🤖 AI Summary
Masked diffusion models suffer from low sampling efficiency and weak theoretical interpretability, hindering practical deployment. This paper uncovers an implicit temperature-based sampling mechanism in MaskGIT and proposes an analytically tractable “moment sampler” following a “localize-then-sample” paradigm. We further introduce a partial caching strategy and an adaptive, non-uniform mask removal schedule grounded in exploration-exploitation trade-offs, enabling dynamic optimization of the denoising trajectory. Built upon the Transformer architecture, our method unifies position selection and token generation within a single modeling framework. Extensive experiments on image and text generation demonstrate substantial acceleration—up to 3.2× fewer sampling steps—while preserving or improving generation quality. Crucially, the approach provides a rigorous theoretical analysis framework. This work establishes a new paradigm for efficient and interpretable masked diffusion modeling.
📝 Abstract
Masked diffusion models have shown promising performance in generating high-quality samples in a wide range of domains, but accelerating their sampling process remains relatively underexplored.

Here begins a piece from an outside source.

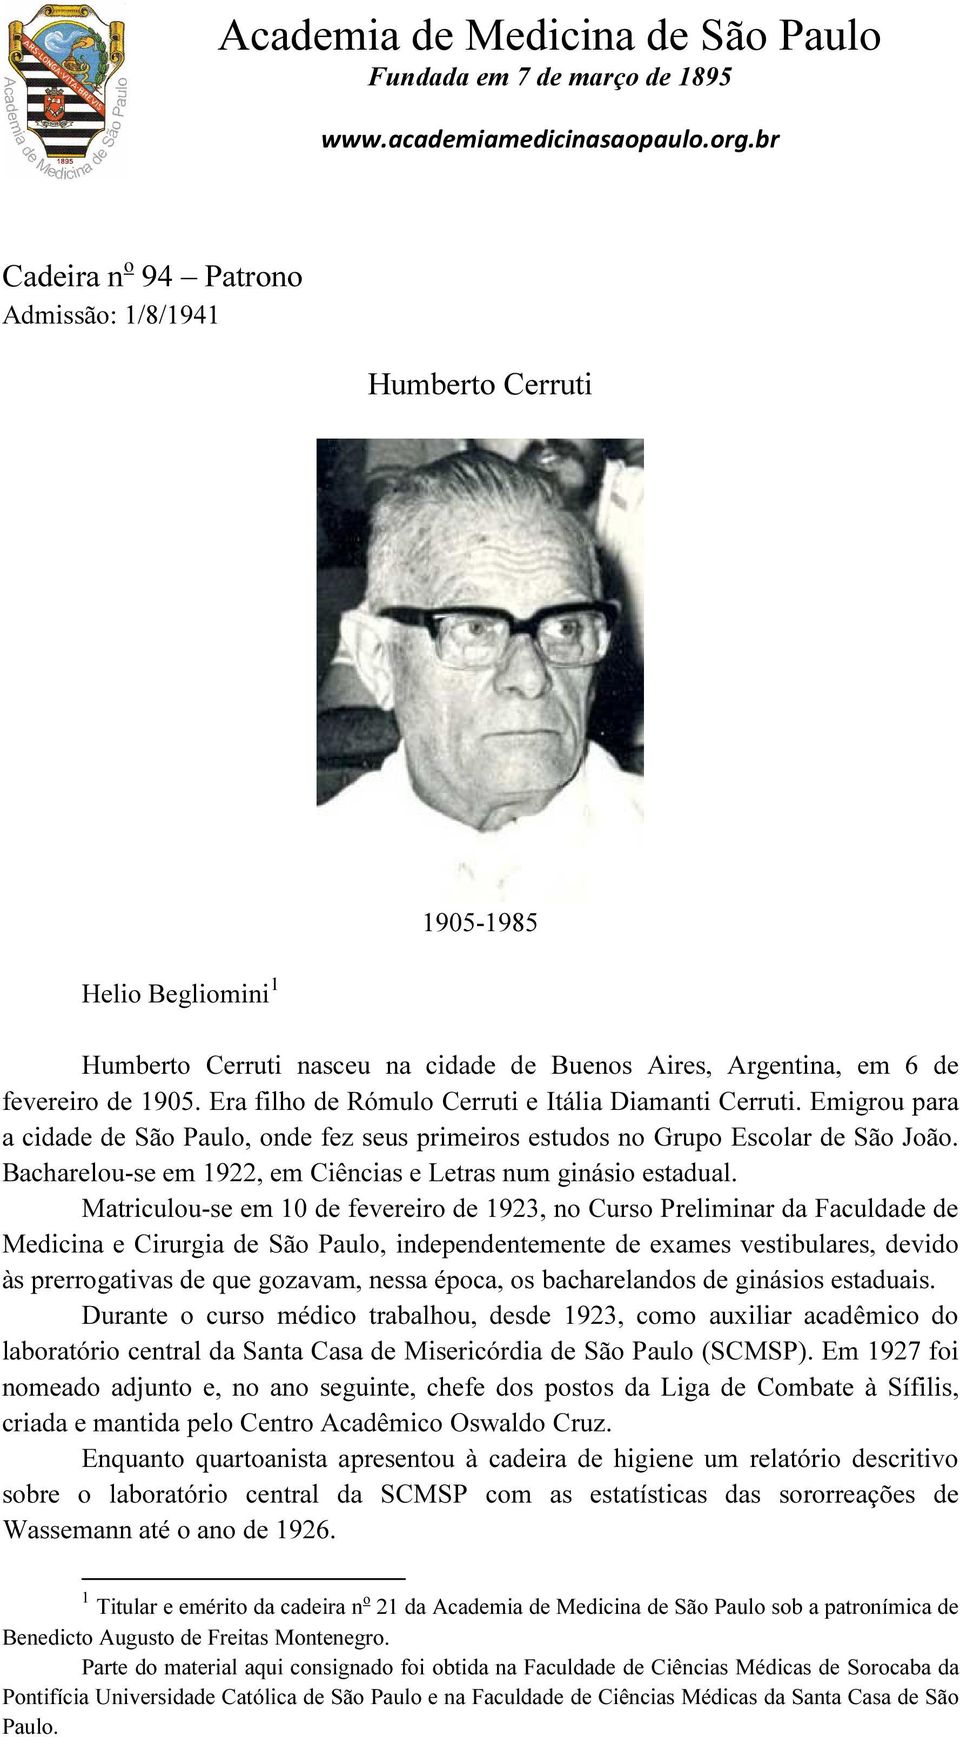 Era filho de Rómulo Cerruti e Itália Diamanti Cerruti. Emigrou para a cidade de São Paulo, onde fez seus primeiros estudos no Grupo Escolar de São João.
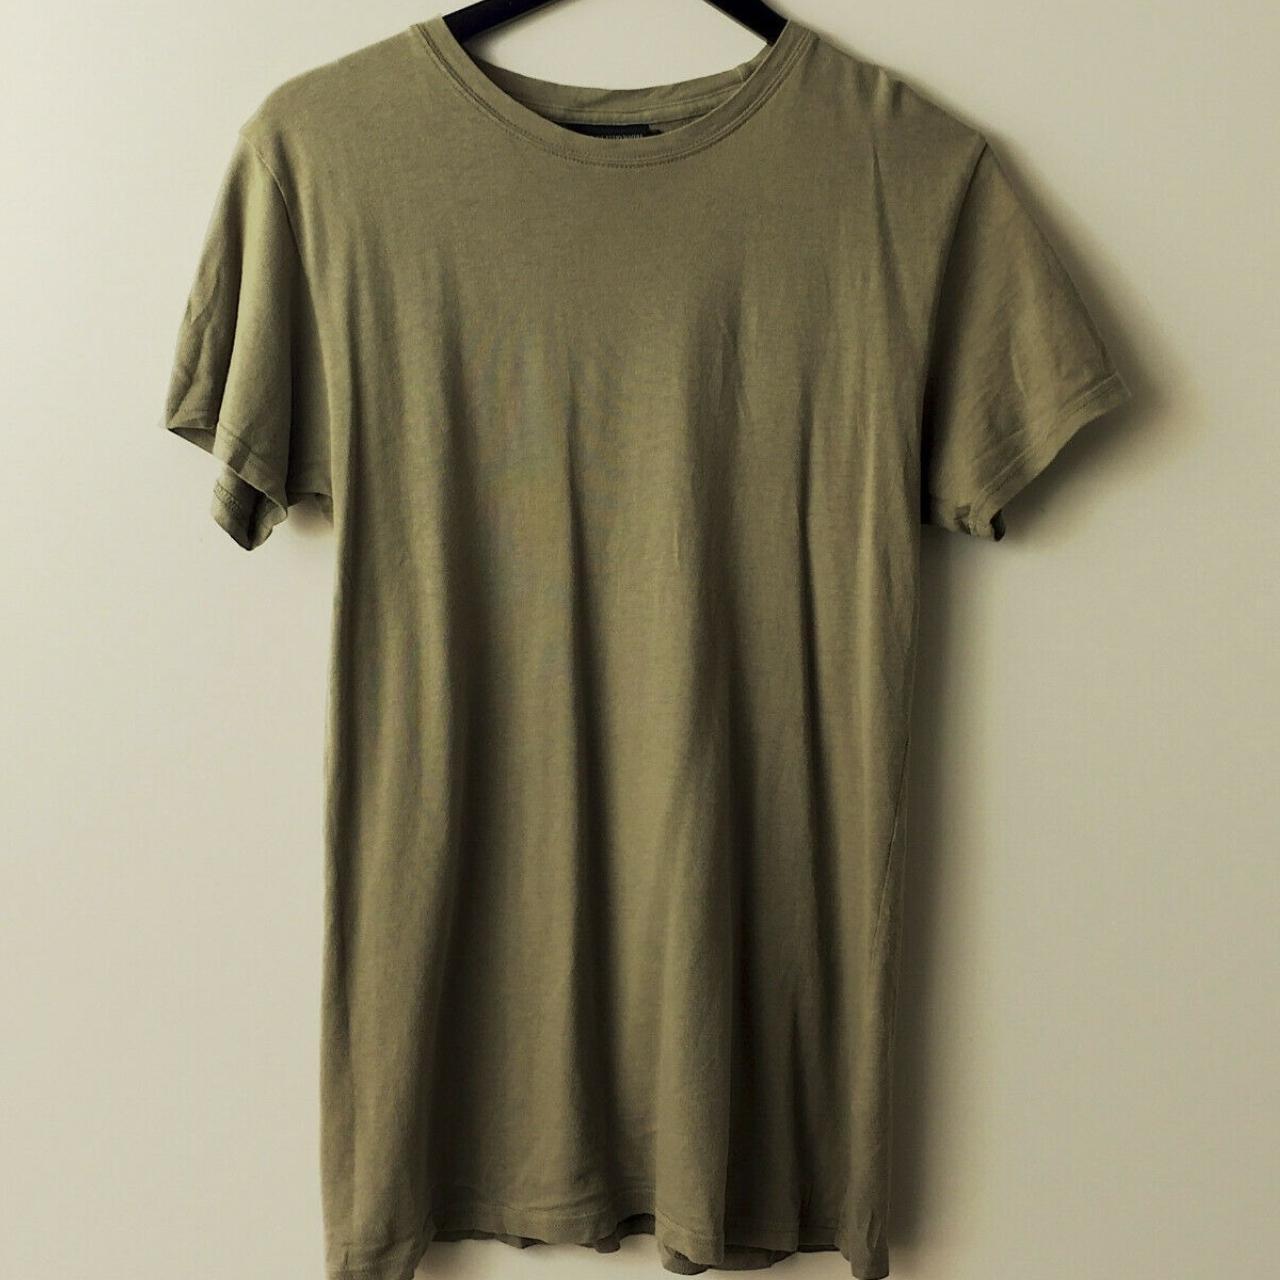 Product Image 1 - KNYEW T Shirt Basic Minimal

To investigate efficient samplers for masked diffusion, this paper theoretically analyzes the MaskGIT sampler for image modeling, revealing its implicit temperature sampling mechanism. Through this analysis, we introduce the "moment sampler," an asymptotically equivalent but more tractable and interpretable alternative to MaskGIT, which employs a "choose-then-sample" approach by selecting unmasking positions before sampling tokens. In addition, we improve the efficiency of choose-then-sample algorithms through two key innovations: a partial caching technique for transformers that approximates longer sampling trajectories without proportional computational cost, and a hybrid approach formalizing the exploration-exploitation trade-off in adaptive unmasking. Experiments in image and text domains demonstrate our theory as well as the efficiency of our proposed methods, advancing both theoretical understanding and practical implementation of masked diffusion samplers.